Problem Statement

Given are two sequences of length $N$ each: $A = (A_1, A_2, A_3, \\dots, A_N)$ and $B = (B_1, B_2, B_3, \\dots, B_N)$.
Determine whether it is possible to make $A$ equal $B$ by repeatedly doing the operation below (possibly zero times).
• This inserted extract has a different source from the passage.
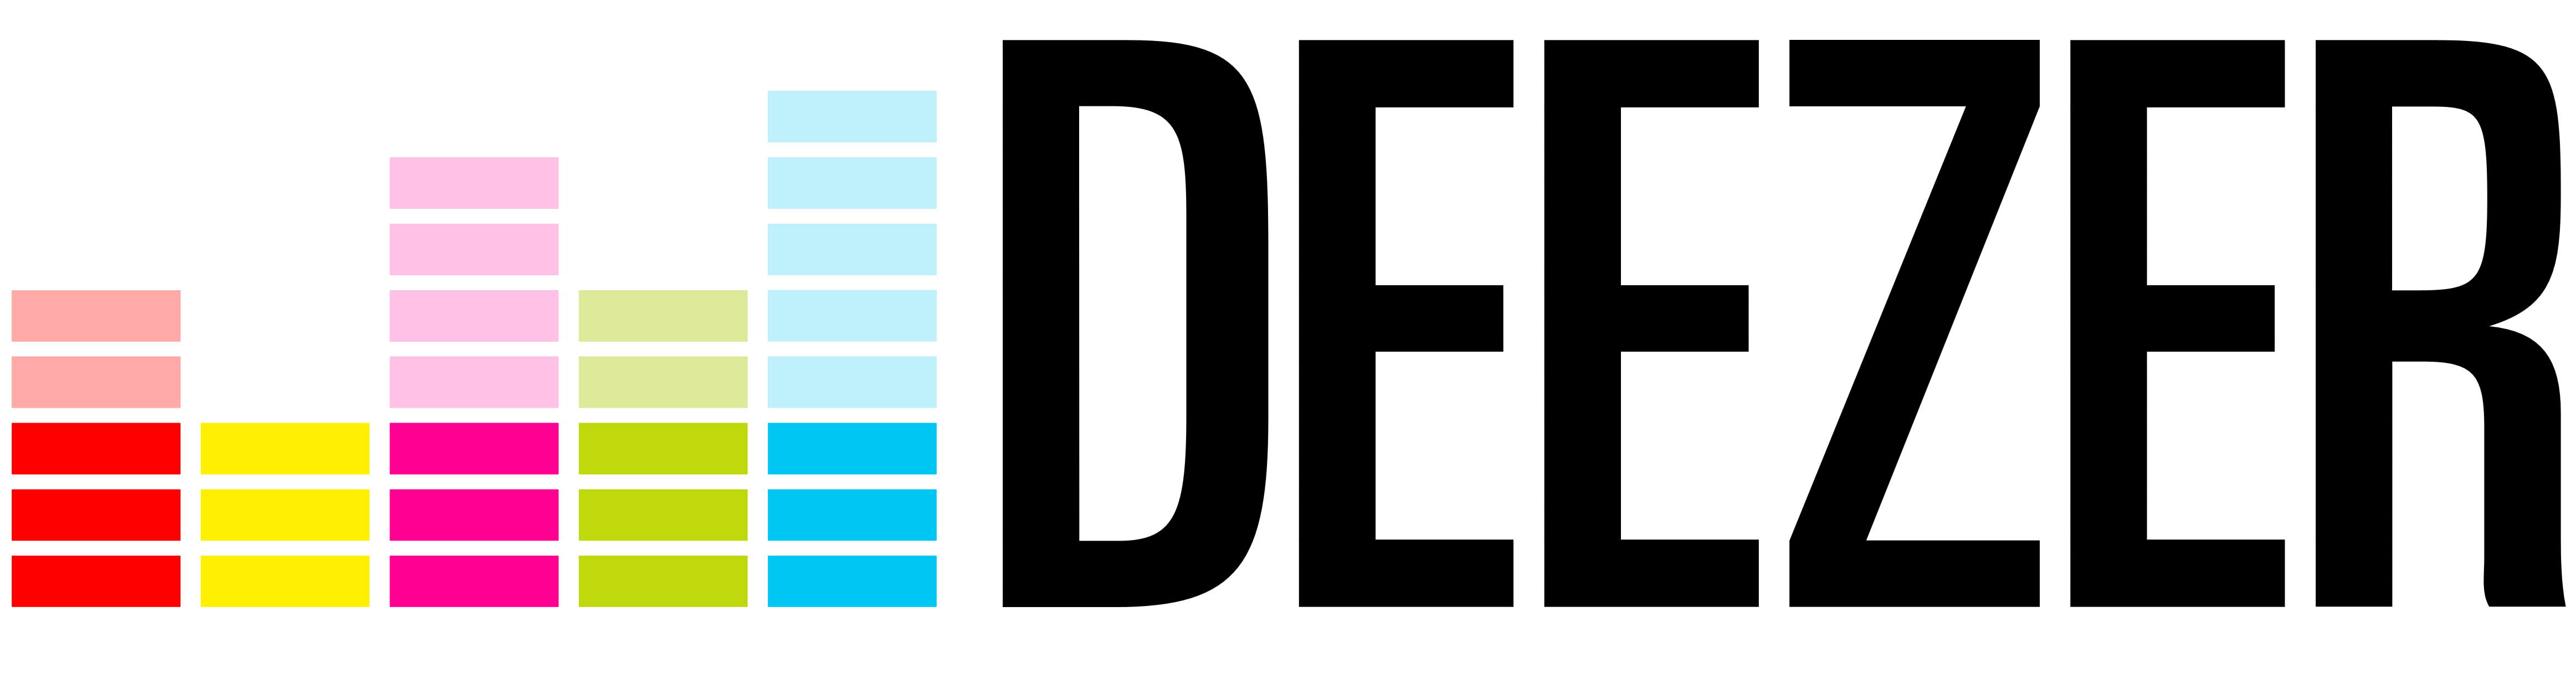 Deezer Logo Vector PNG-PlusPN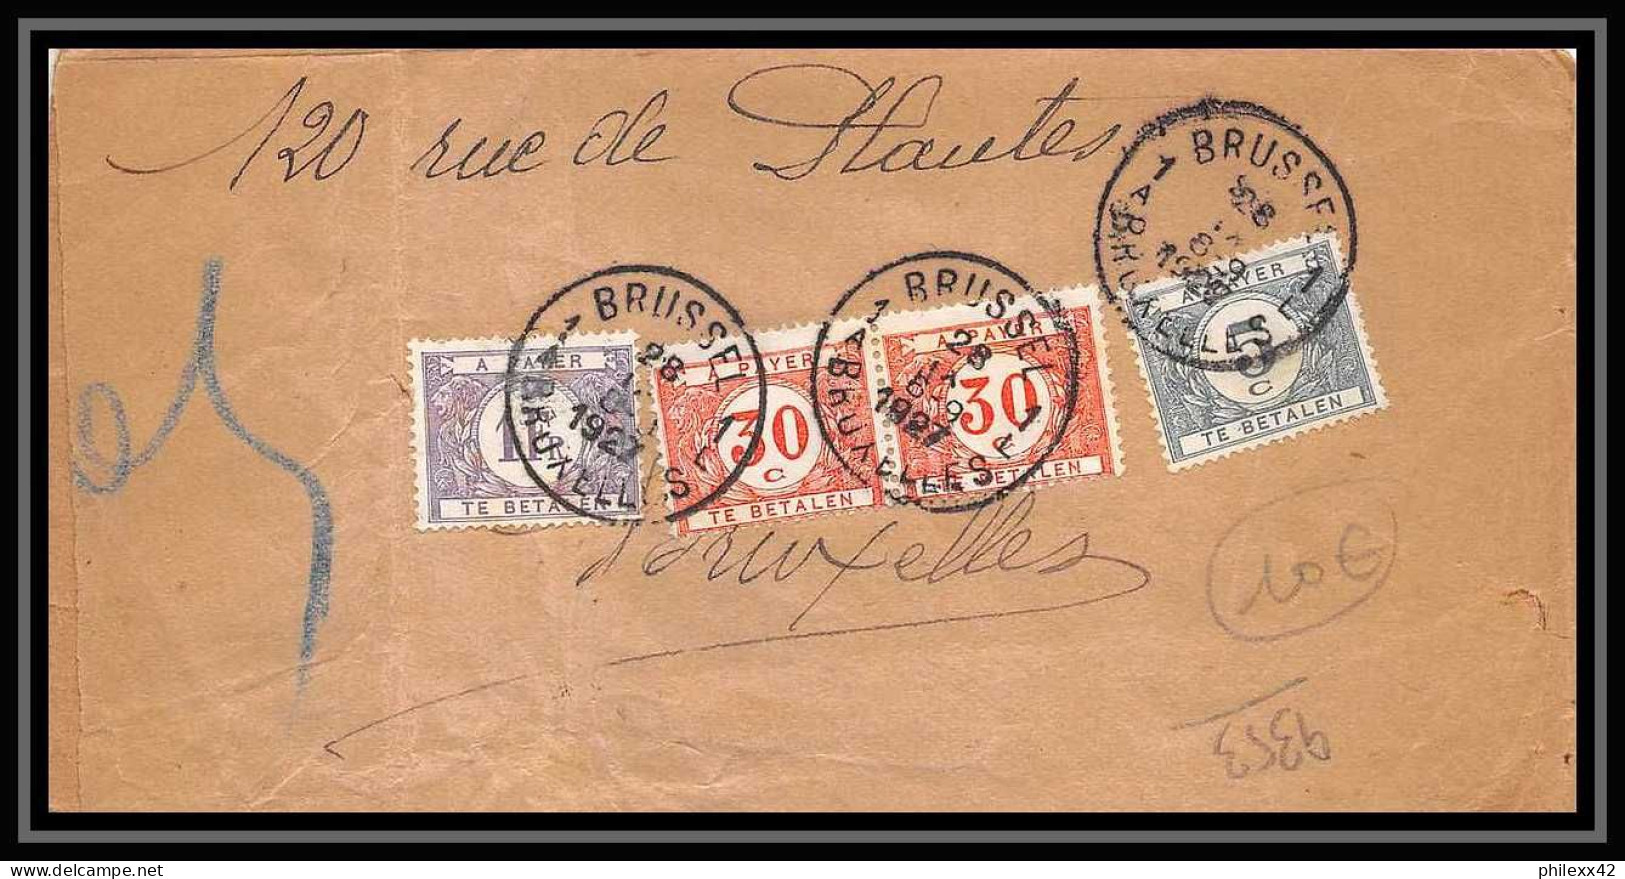 9353 Taxe N°223 Semeuse 50c Paris Bruxelles 1927 Belgique France Lettre Partielle Cover - 1859-1959 Covers & Documents

If it is possible, find the minimum number of operations required to do so.

• Choose an integer $i$ such that $1 \\le i \\lt N$, and do the following in order:
  • swap $A_i$ and $A_{i + 1}$;
  • add $1$ to $A_i$;
  • subtract $1$ from $A_{i + 1}$.

Constraints

• $2 \\le N \\le 2 \\times 10^5$
• $0 \\le A_i \\le 10^9$
• $0 \\le B_i \\le 10^9$
• All values in input are integers.

Input

Input is given from Standard Input in the following format:

$N$ $A_1$ $A_2$ $A_3$ $\\dots$ $A_N$ $B_1$ $B_2$ $B_3$ $\\dots$ $B_N$

Output

If it is impossible to make $A$ equal $B$, print -1.
Otherwise, print the minimum number of operations required to do so.

Sample Input 1

3
3 1 4
6 2 0

Sample Output 1

2

We can match $A$ with $B$ in two operations, as follows:

• First, do the operation with $i = 2$, making $A = (3, 5, 0)$.
• Next, do the operation with $i = 1$, making $A = (6, 2, 0)$.

We cannot meet our objective in one or fewer operations.

Sample Input 2

3
1 1 1
1 1 2

Sample Output 2

-1

In this case, it is impossible to match $A$ with $B$.

Sample Input 3

5
5 4 1 3 2
5 4 1 3 2

Sample Output 3

0

$A$ may equal $B$ before doing any operation.

Sample Input 4

6
8 5 4 7 4 5
10 5 6 7 4 1

Sample Output 4

7